§ **WORK TO BE COMPLETED**: Every record that follows should be copied exactly. No picture belongs in the copy.

§ **PROVIDED MATERIAL**:
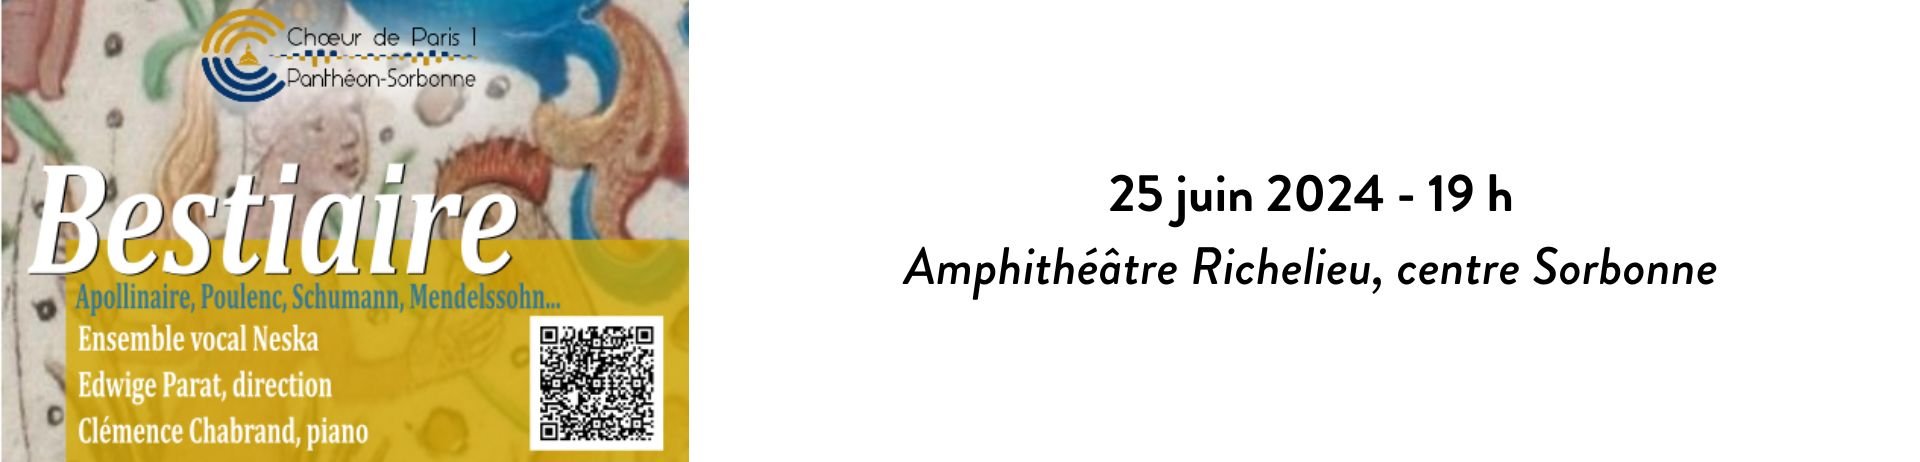 Concert Choeur de Paris 1 Panthéon-Sorbonne Bestiaire le 25 juin 19 h
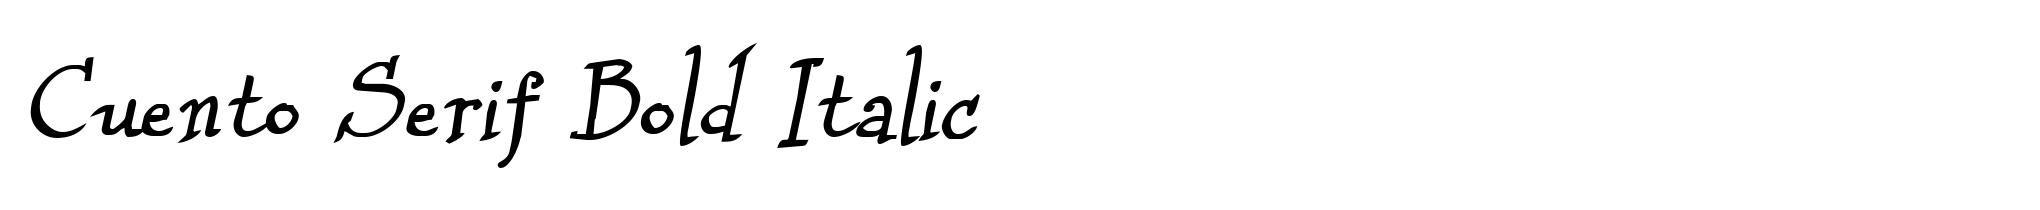 Cuento Serif Bold Italic image
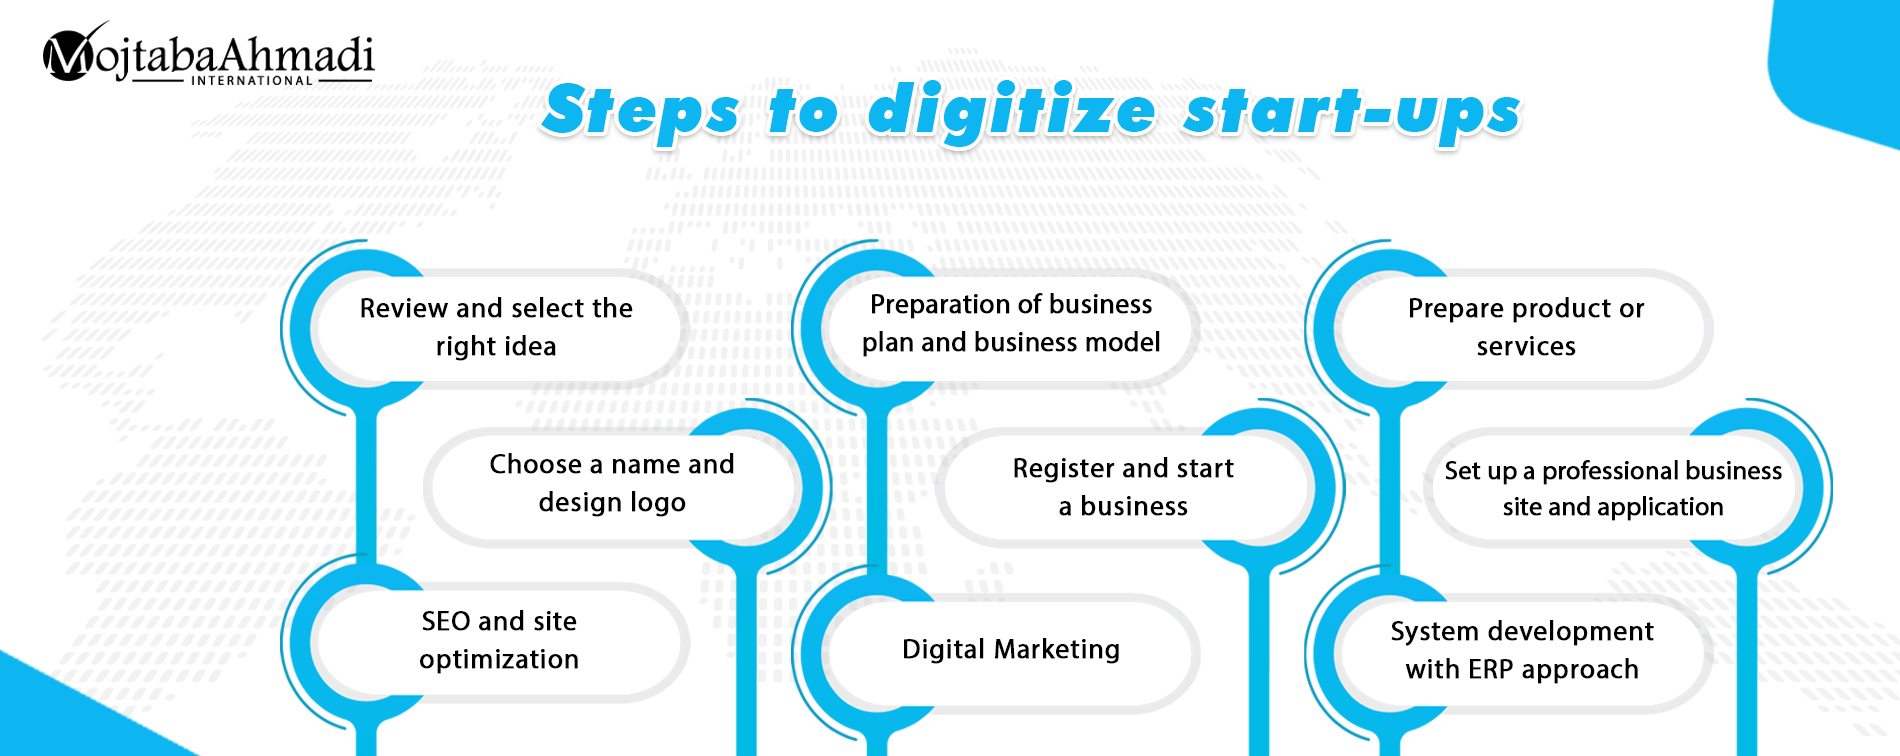 Steps of digitalization of start-up businesses
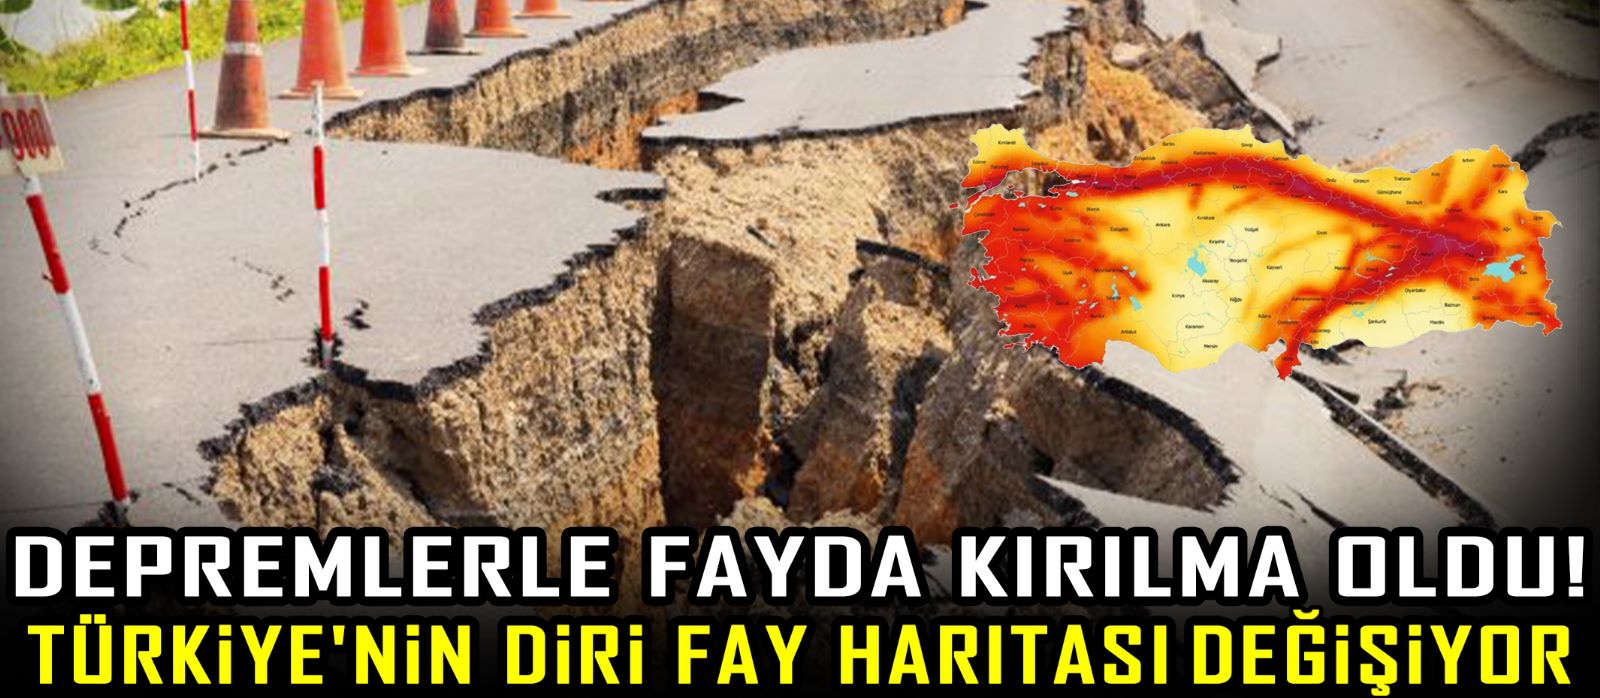 Depremlerle fayda kırılma oldu! Türkiye'nin diri fay haritası değişiyor
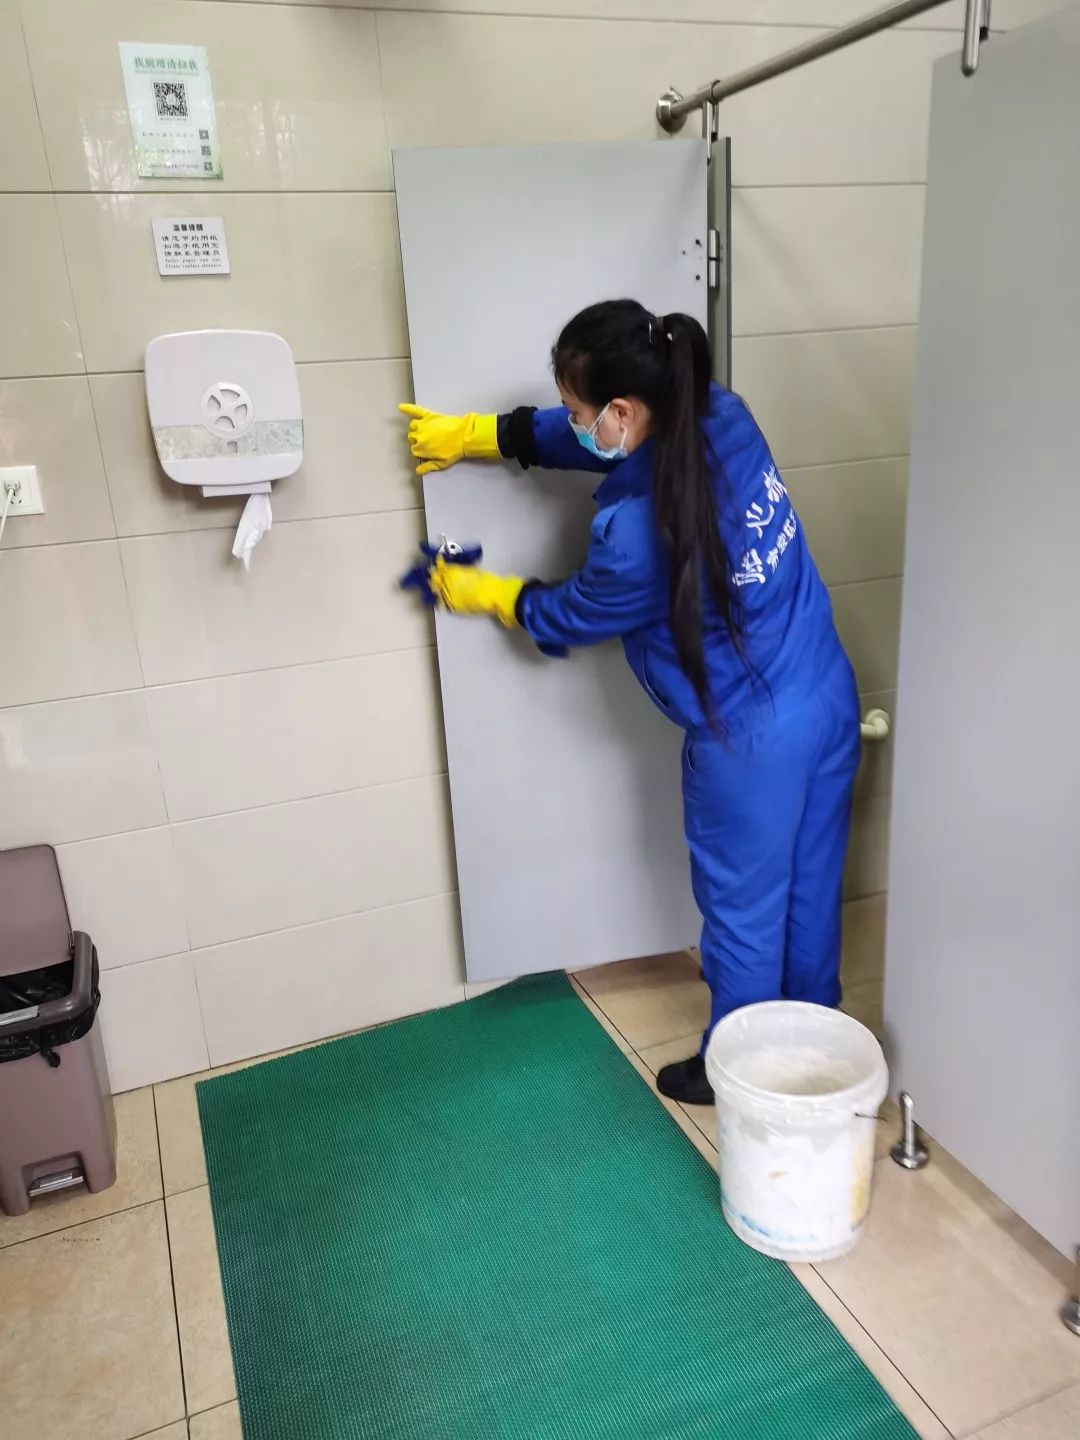 身着蓝色工作服的公厕保洁员频繁擦拭门把手,洗手台,纸巾盒等多处市民

§ **FINISHED EXERCISE**:
 Concert Choeur de Paris 1 Panthéon-Sorbonne Bestiaire le 25 juin 19 h
 Cuento Serif Bold Italic image
 Steps of digitalization of start-up businesses
 Depremlerle fayda kırılma oldu! Türkiye'nin diri fay haritası değişiyor
 身着蓝色工作服的公厕保洁员频繁擦拭门把手,洗手台,纸巾盒等多处市民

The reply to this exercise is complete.